I am trying to notice when there is a problem with the page I am scrapping. In case the response has not a valid status code, I want to write a custom value in the crawler stats so that I can return a non-zero exit code from my process. This is what I have write until now:
MySpider.py
from spiders.utils.logging_utils import inform_user
class MySpider(Spider):
name = 'MyScrapper'
allowed_domains = ['www.mydomain.es']
start_urls = ['http://www.mydomain/Download.html']
custom_settings = {
"SPIDER_MIDDLEWARES": {
"scrapy.spidermiddlewares.httperror.HttpErrorMiddleware": None
}
}
def parse(self, response):
if response.status != 200:
message = "ERROR {} on request.".format(response.status)
reason = 'Status response not valid'
inform_user(self, 'ERROR', message, close_spider=True, reason=reason)
...
utils/logging_utils.py
def inform_user(self, level, message, close_spider=False, reason=''):
level = level.upper() if isinstance(level, str) else ''
levels = {
'CRITICAL': 50,
'ERROR': 40,
'WARNING': 30,
'INFO': 20,
'DEBUG': 10
}
self.logger.log(levels.get(level, 0), message)
if close_spider:
self.crawler.stats.set_value('custom/failed_job', 'True')
raise ScrapyExceptions.UsageError(reason=reason)
This works as expected, however I don't think that removing the HttpErrorMiddleware is a good practice.
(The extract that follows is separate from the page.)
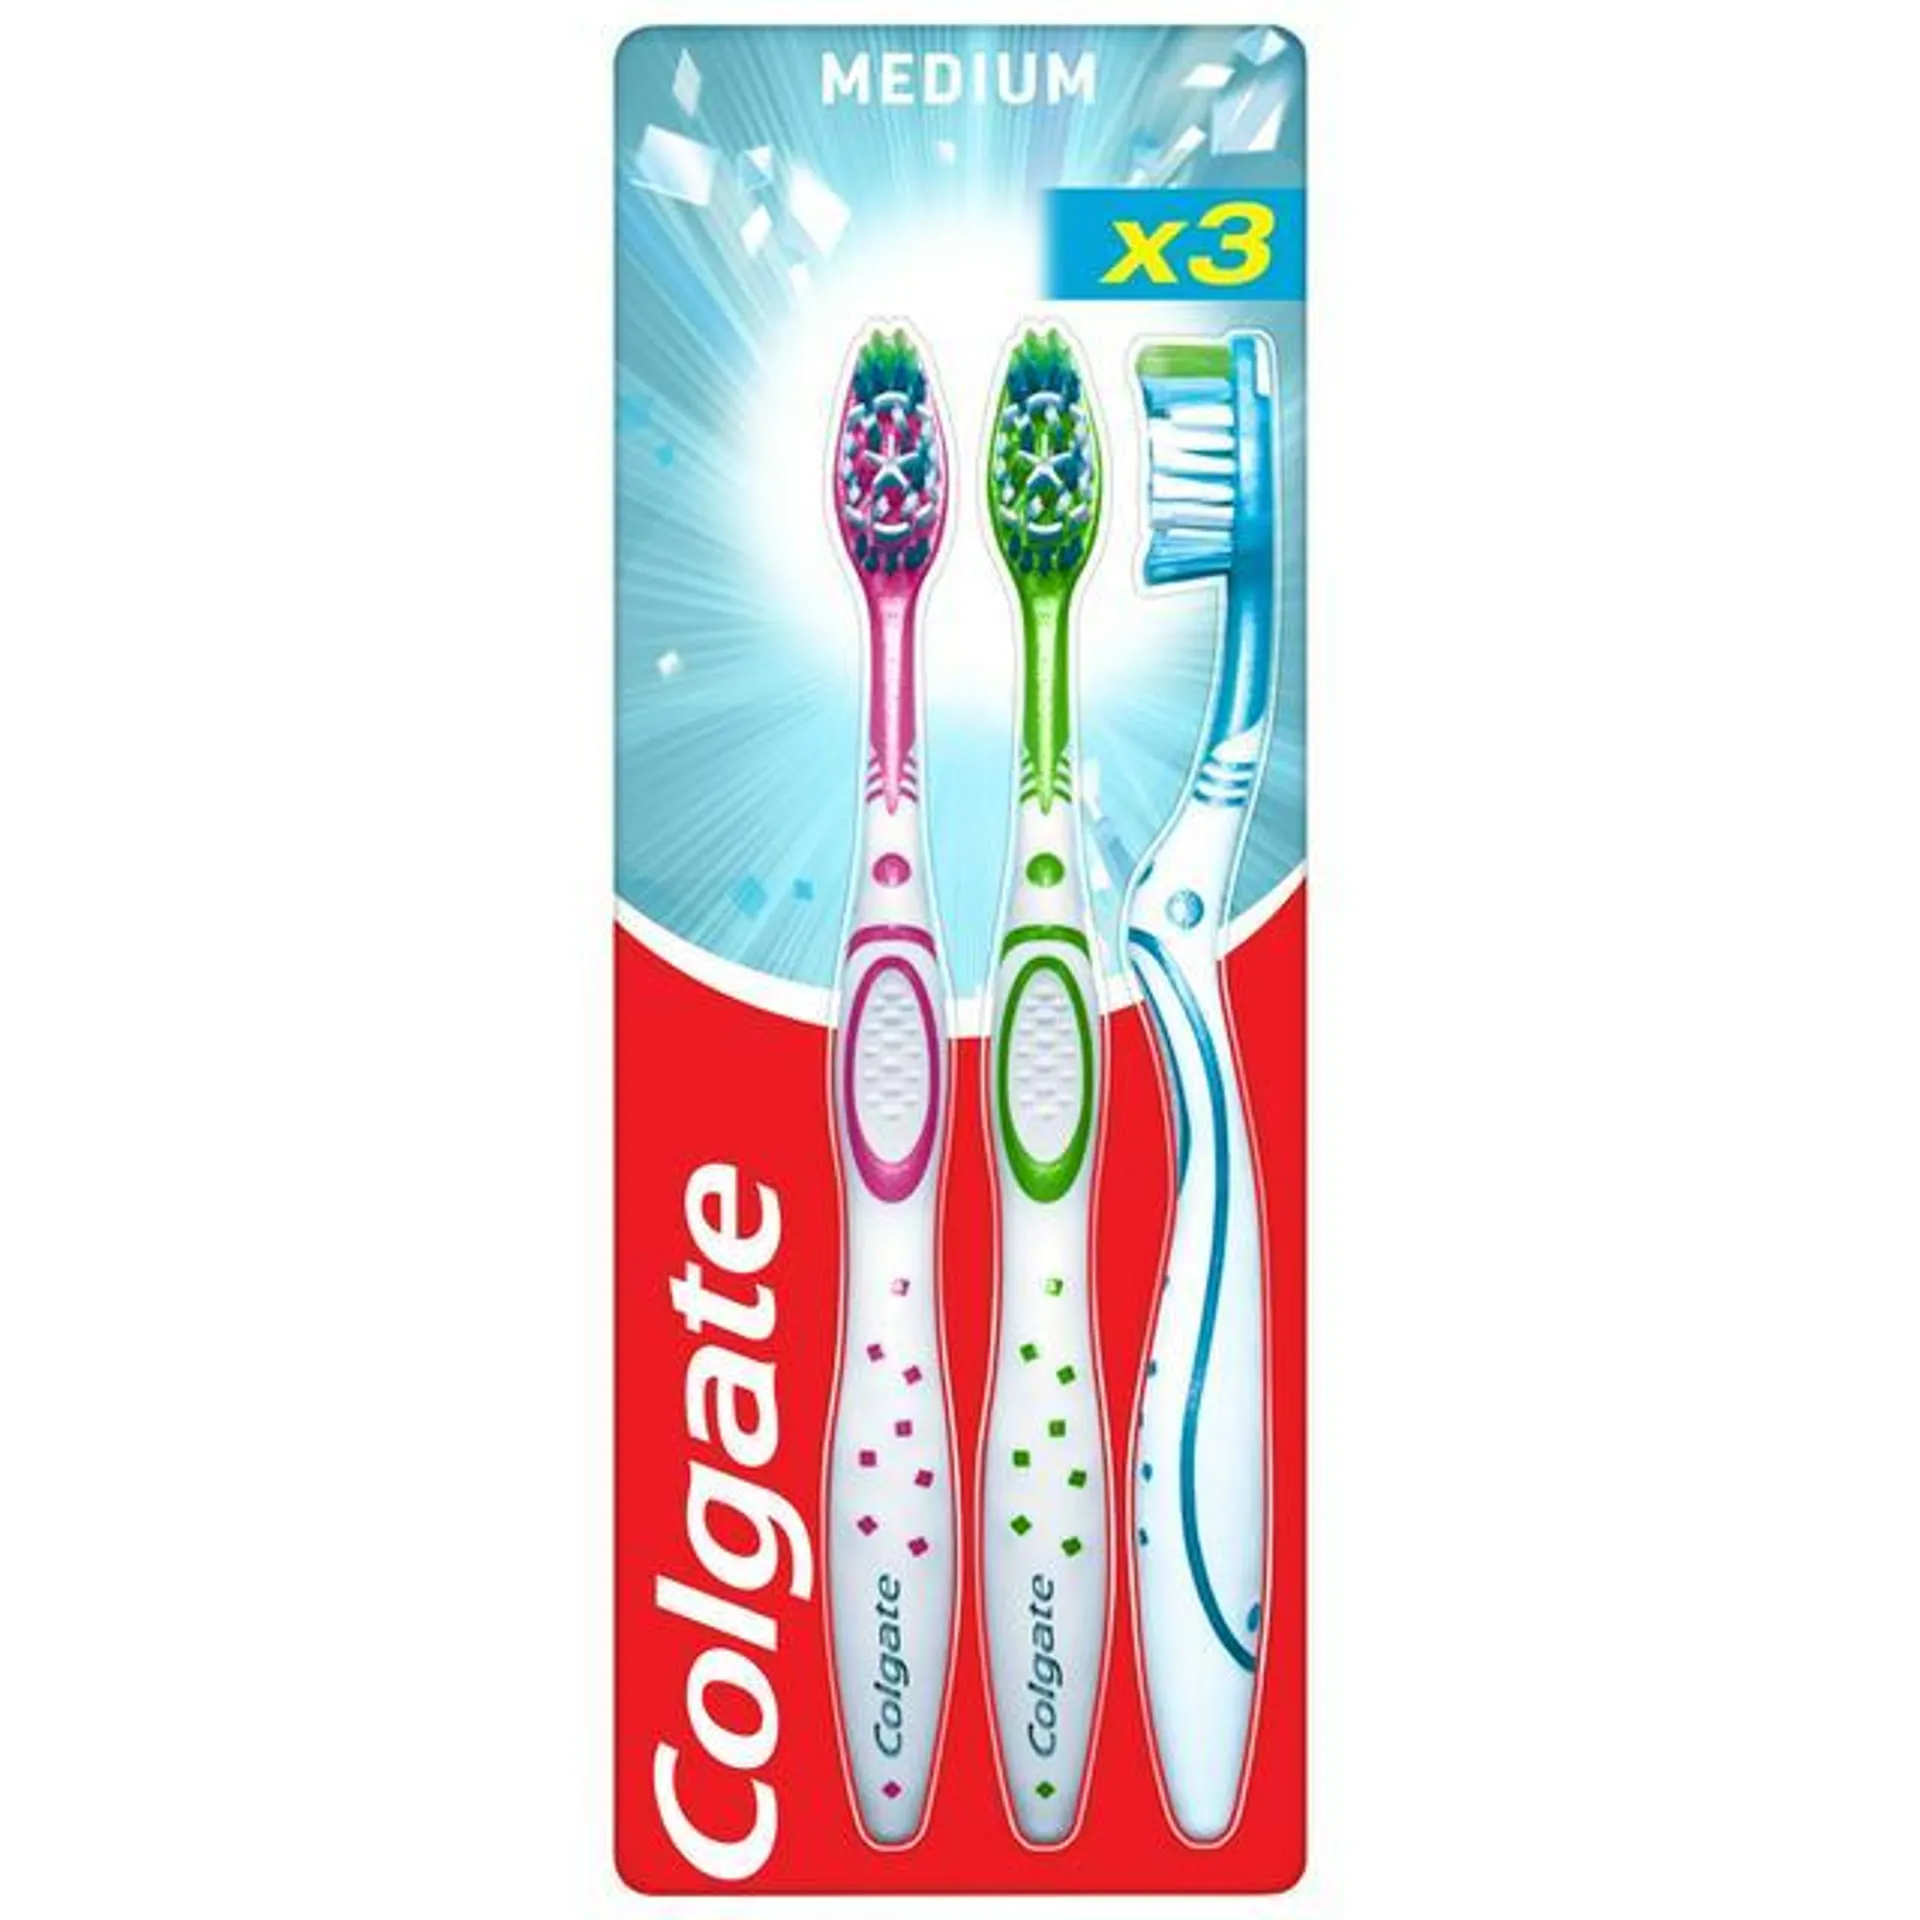 Colgate Max White Medium Toothbrush x3
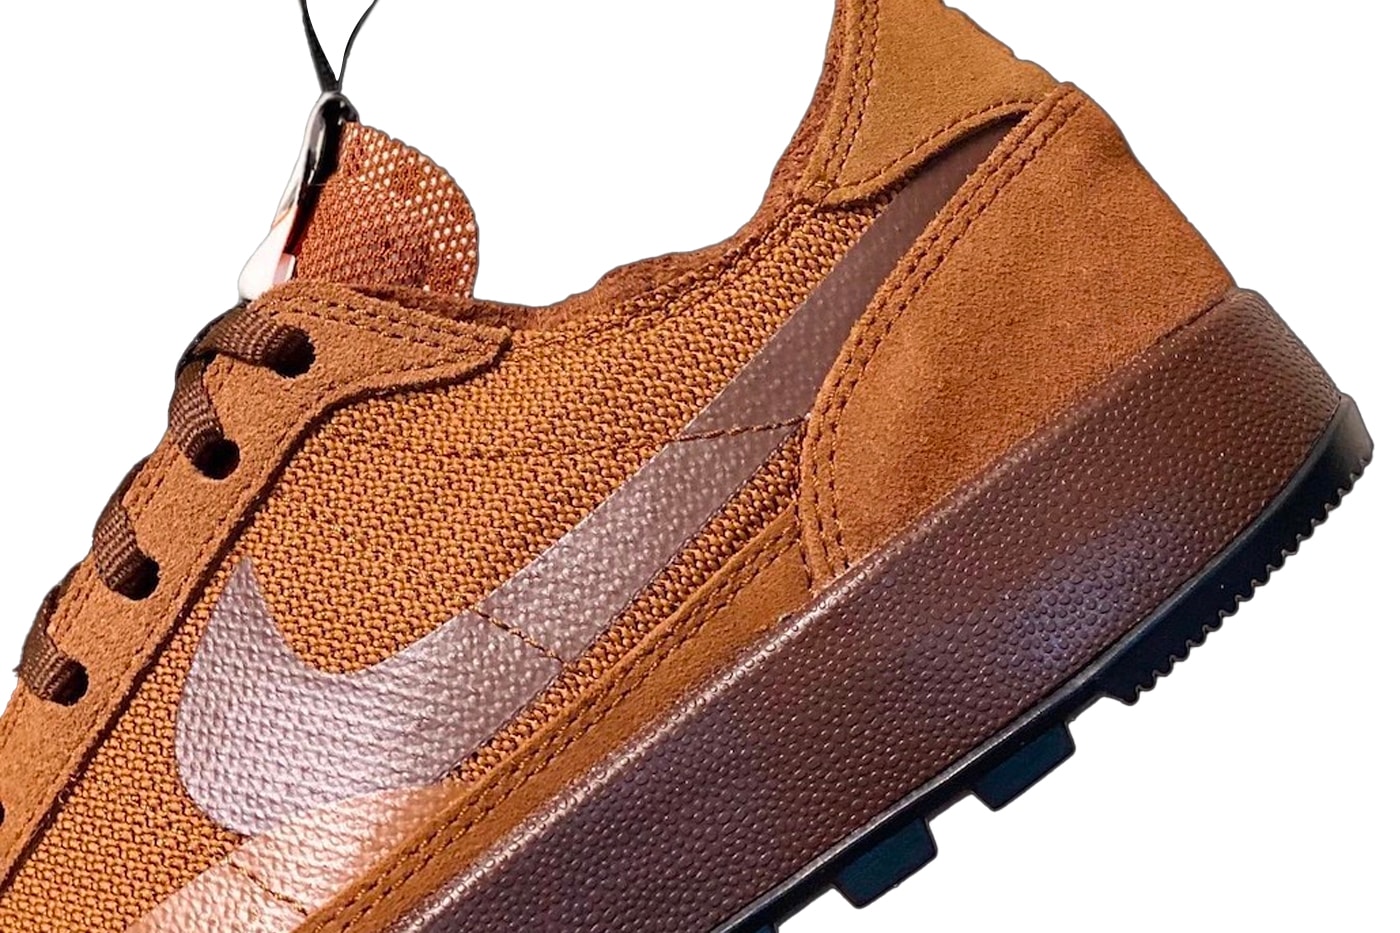 Tom Sachs NikeCraft General Purpose Shoe Brown First Look Release Info DA6672-201 Date Buy Price

That's why I am trying to write a custom middleware which sets the stats in the crawler:
MySpider.py
from spiders.utils.logging_utils import inform_user
class CustomHttpErrorMiddleware(HttpErrorMiddleware):
def process_spider_exception(self, response, exception, spider):
super().process_spider_exception(response, exception, spider)
if response.status != 200:
message = "ERROR {} on request.".format(response.status)
reason = 'Status response not valid'
inform_user(self, 'ERROR', message, close_spider=True, reason=reason)
class MySpider(Spider):
name = 'MyScrapper'
allowed_domains = ['www.mydomain.es']
start_urls = ['http://www.mydomain/Download.html']
custom_settings = {
"SPIDER_MIDDLEWARES": {
"scrapy.spidermiddlewares.httperror.HttpErrorMiddleware": None,
CustomHttpErrorMiddleware: 50
}
}
However, now I am calling the inform_user
function on the middleware definition, so I don't have access to the Spider self
object, which contains the self.logger
and self.crawler
objects used by the function. How can I make that Spider self
object available on the middleware?
The spider self
object is the argument named spider
in the process_spider_exception
method of the middleware. You can use it like below
spider.logger.info(...)